The radiomics features selection and radiomics signature building process were performed in the following 3 steps: 1) radiomics features reproducibility assessment and differences evaluation; 2) reservation of top-ranking features; 3) radiomics signature building with 3 methods. Firstly, radiomics features with ICC values > 0.75 and statistically significant different (p < 0.05 in the Mann-Whitney U test) between the lung adenocarcinomas and granulomatous lesions, which were related to lesion heterogeneity, were extracted and standardized by Z-score [32]. Secondly, in the training set, radiomics features were ranked using the minimum redundancy maximum relevance (mRMR) algorithm by maximizing the correlation between radiomics features and SCSNs status, and minimizing the redundancy between radiomics features. In this study, by removing the redundant features, the first 25% highest-ranking features in mRMR were reserved [33]. Thirdly, for radiomics signature building, the least absolute shrinkage and selection operator (LASSO), k-nearest neighbor (KNN) and support vector machine (SVM) were used in the training dataset with 1 × 10-fold nested cross-validation. Respectively. Three radiomics signature models were constructed based on these classifiers, and the model performance was compared through receiver operating characteristic (ROC) curve analysis. Then, the radiomics signature value (Rad-score) of each lesion was calculated using the best radiomics signature model, and the differences of the radiomics features between the lung adenocarcinomas and granulomatous lesion were evaluated using the Mann-Whitney U test.

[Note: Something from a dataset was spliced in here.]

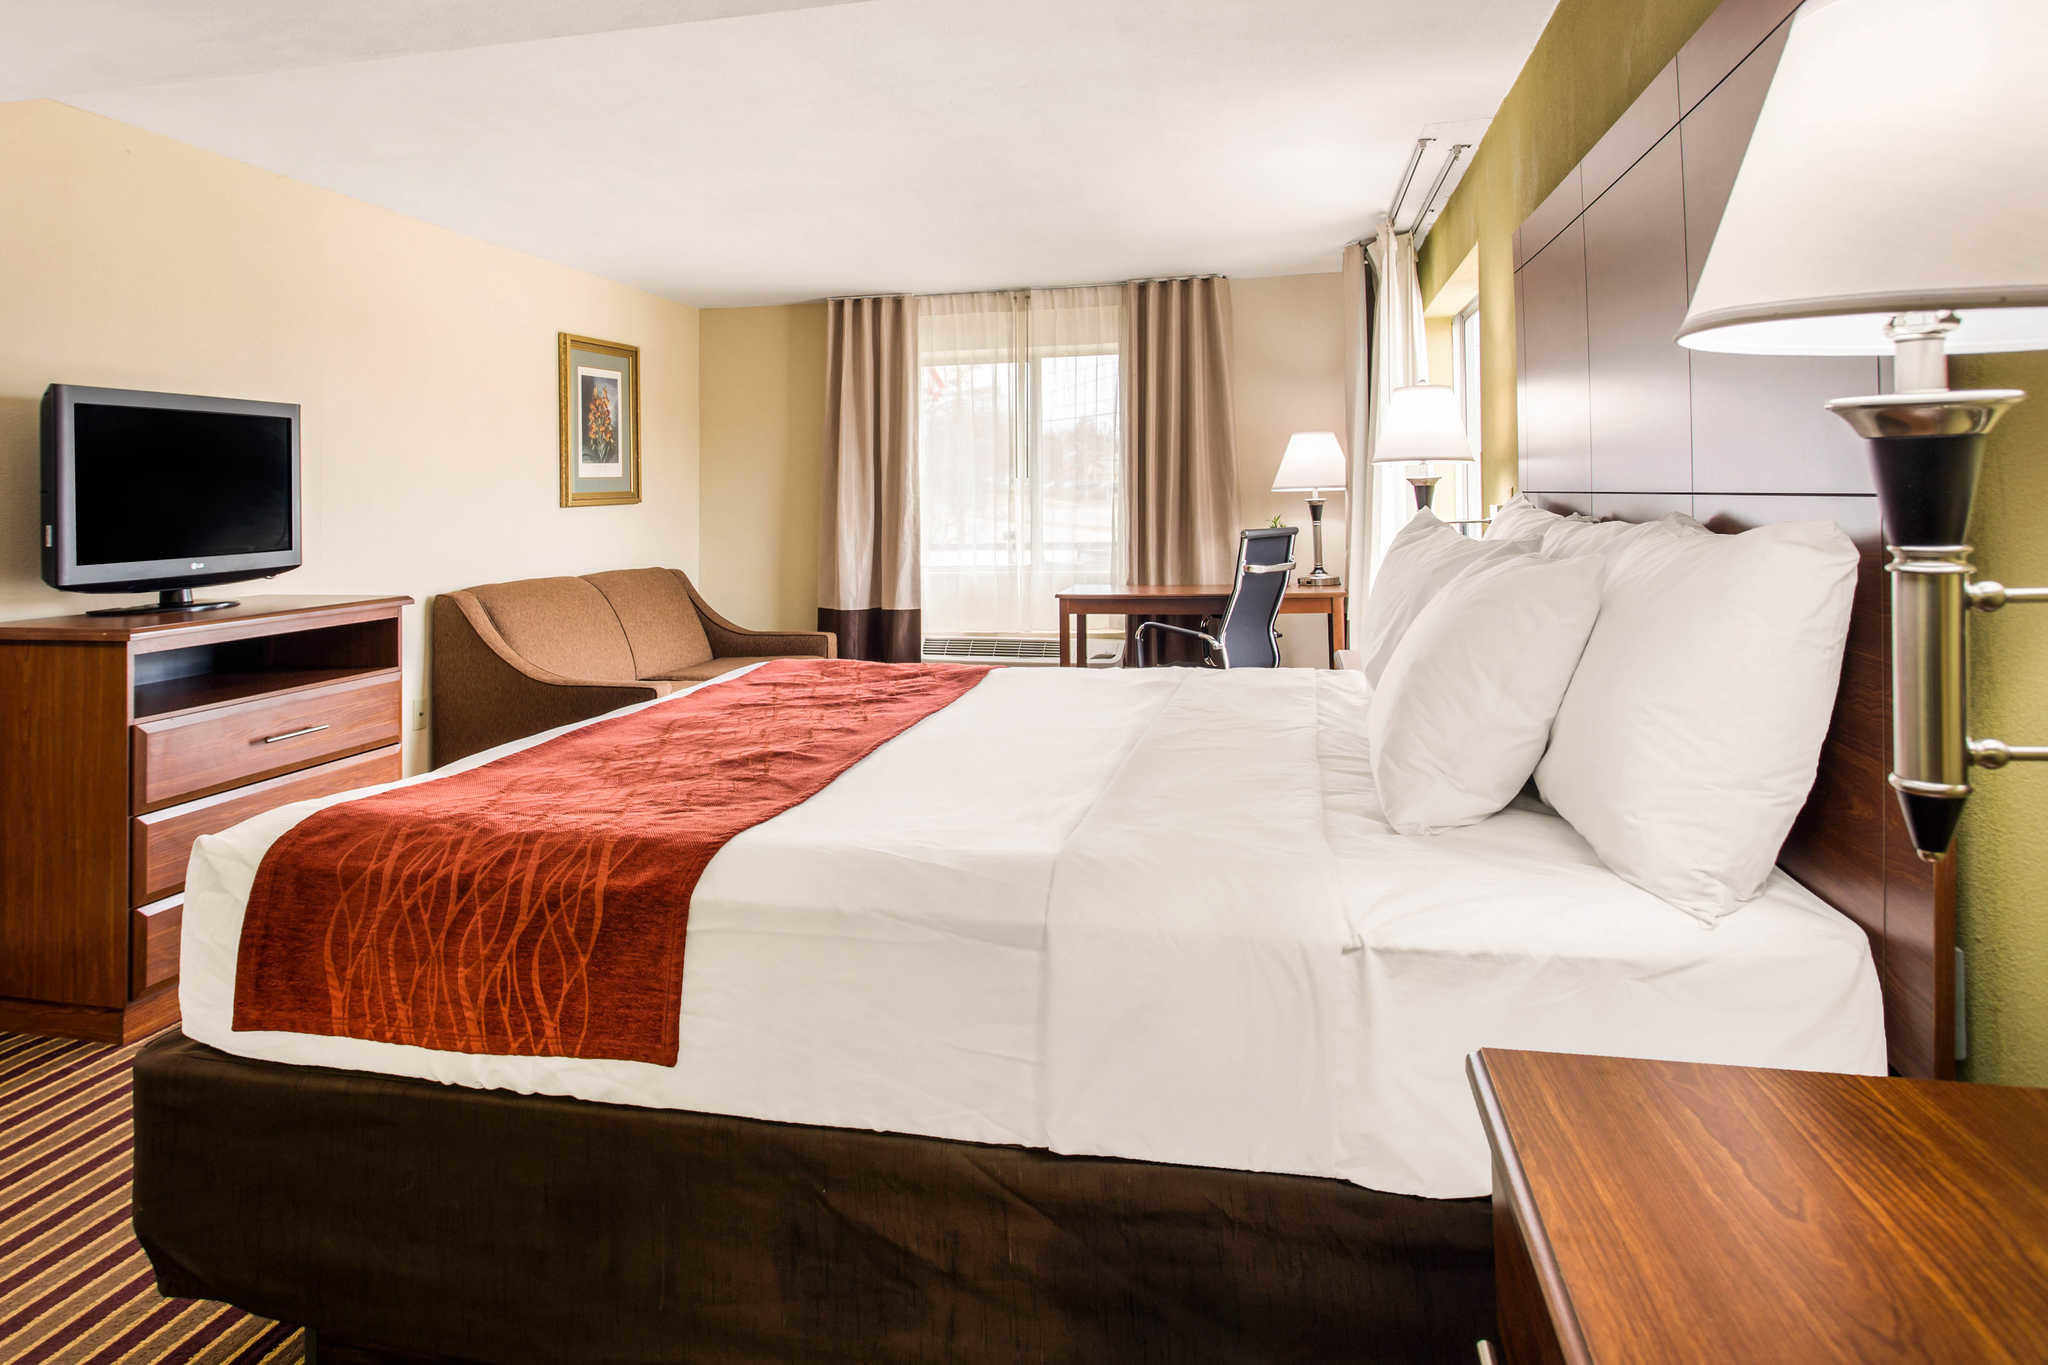 Comfort Inn & Suites Crabtree Valley image 28

Radiomics nomogram construction

A multivariate logistic regression model was constructed using the training set to identify independent factors (including clinical factors, subjective CT features, and radiomics signatures) for differentiating lung adenocarcinomas from granulomatous lesions. A radiomics nomogram was then constructed on the basis of the multivariate logistic regression.

Performance of the radiomics nomogram in the training and external validation datasets

Nomogram calibration was measured with a calibration curve, and the Hosmer-Lemeshow test was performed to assess the goodness-of-fit of the radiomics nomogram. ROC analysis was performed to evaluate the performance of the radiomics nomogram in the training set and external validation set. The area under the ROC curve (AUC), sensitivity, specificity, accuracy, positive predictive value (PPV), and negative predictive value (NPV) were calculated, respectively. The DeLong test was used to evaluate difference of the ROC curves between various models.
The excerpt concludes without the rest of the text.